The Government is studying imposing conditions on the acquisition by Saudi Telecom (STC) of a 9.9% stake in Telefónica similar to those imposed in previous operations, such as limits on the sale of assets and the payment of dividendsas reported by Bloomberg, citing a source familiar with the project.
The provisions could include some of those applied in 2021 to the purchase of 23% of Naturgy by the Australian fund IFM Global Infrastructure.
These conditions, for a period of five years, included support for certain corporate policies, such as investment in projects considered important for the nation, the maintenance of the headquarters in Spain and the majority of the staff in the country. The Government also imposed a “prudent” dividend policy“, compatible with Naturgy’s investment policy linked to the energy transition, as well as a strategy of indebtedness aimed at maintaining the investment grade credit rating and not exceeding the ratios set by the CNMC. IFM also had to refrain from delisting the company’s shares from the stock market. nor support any sale or divestiture that implies the loss of control over the subsidiaries.
Waiting for a formal request
This same Monday, at the press conference after the meeting of the Council of Ministers, the acting first vice president Nadia Calviño, reiterated that the Government is following “very closely” the entry of STC into the shareholding of Telefónica, although she indicated that The Saudi group had not yet sent any official notification to the Executive to request its authorization.
“The truth is that there has not been no official notification and therefore no specific procedure has been initiated regarding this operation.

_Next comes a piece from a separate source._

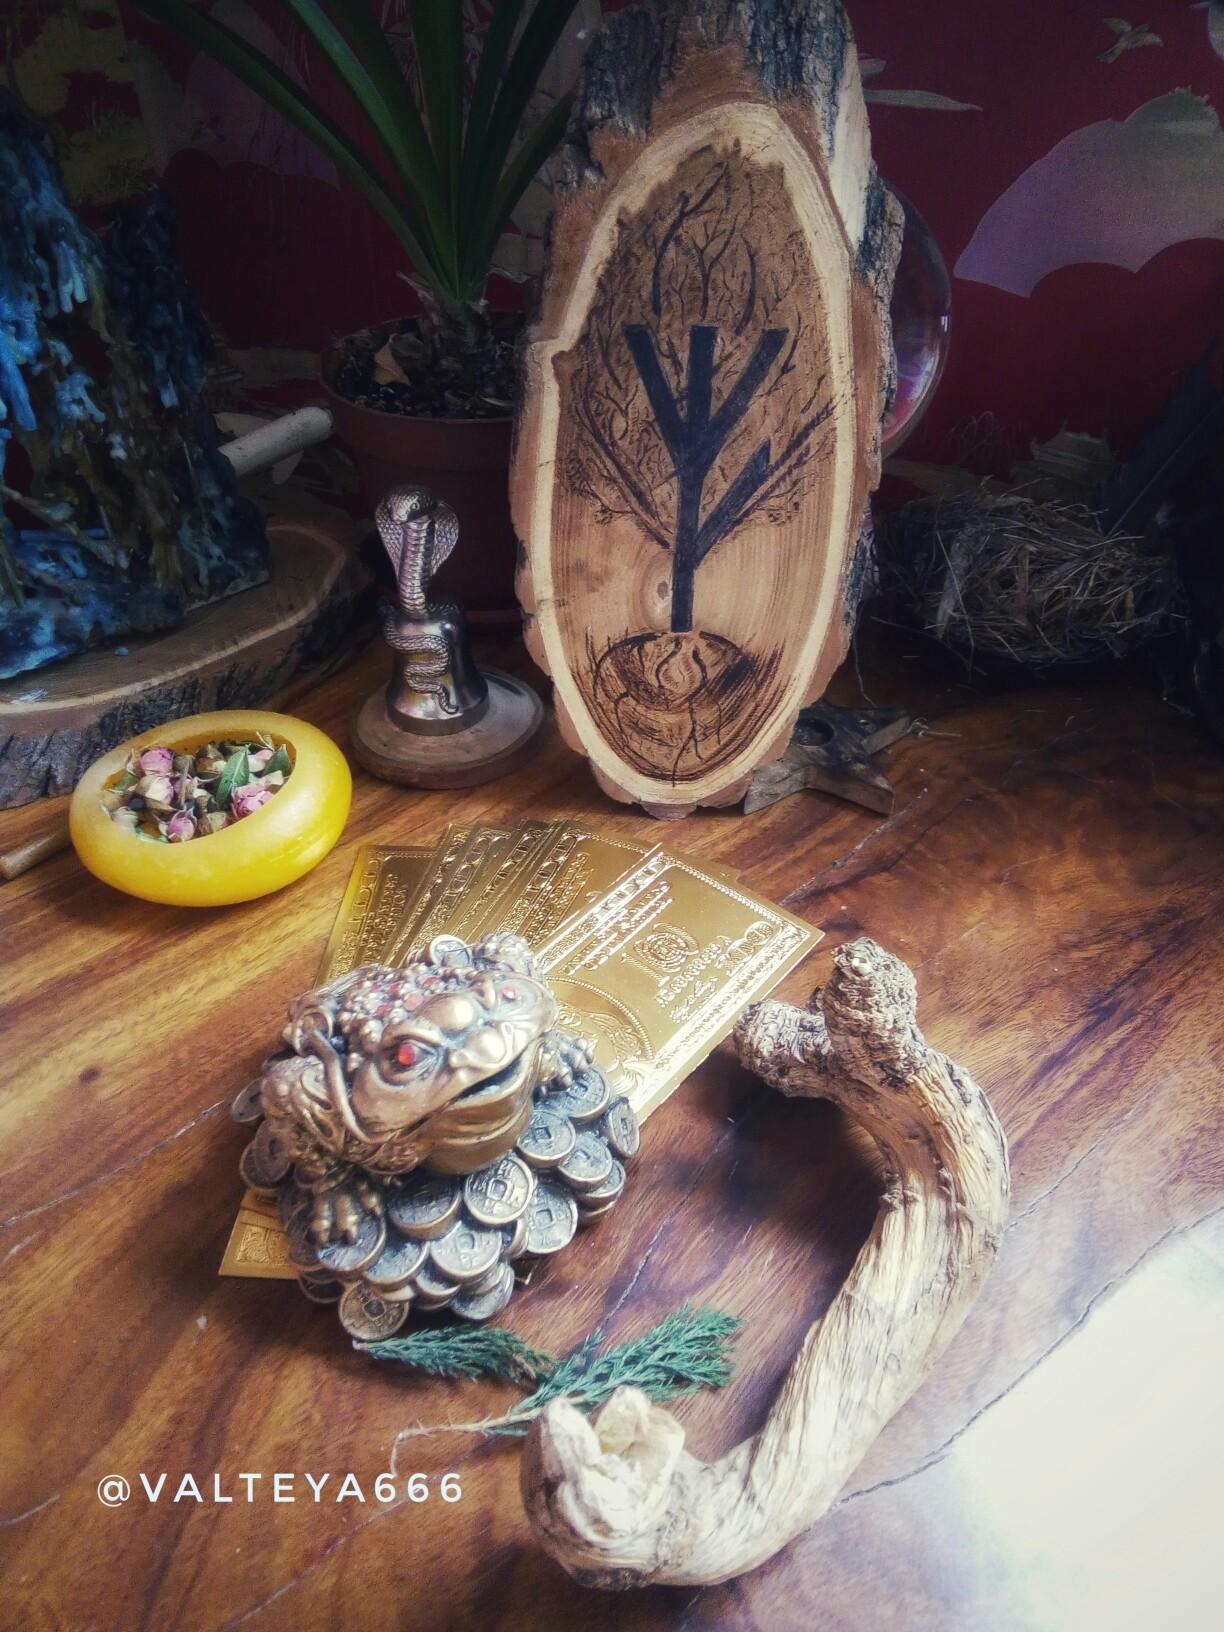 """никосия - """"ДЕНЕЖНОЕ КОЛЕСО""""  в Салоне магии и мистики Елены Руденко - Страница 5 Vd2L8bLg6gw"""

We are, as it could not be otherwise, closely following all the developments that may occur in this context, but there is no change and no news in this area,” said Calviño.
“The limit for foreign investment is the protection of our national interests,” said the acting President of the Government, Pedro Sánchez, on September 15 at a business event at the CEOE headquarters. “We will guarantee that any foreign investment does not transcend the limits that entail undue influence on strategic companies or entail access to critical technologies,” he added, after reiterating that the Executive was “determinedly analyzing the operation.”
The legal framework
On September 5, STC announced, after the market closed, that it had acquired 9.9% of Telefónica’s share capital. Specifically, 4.9% through shares and the remaining 5% through financial instruments.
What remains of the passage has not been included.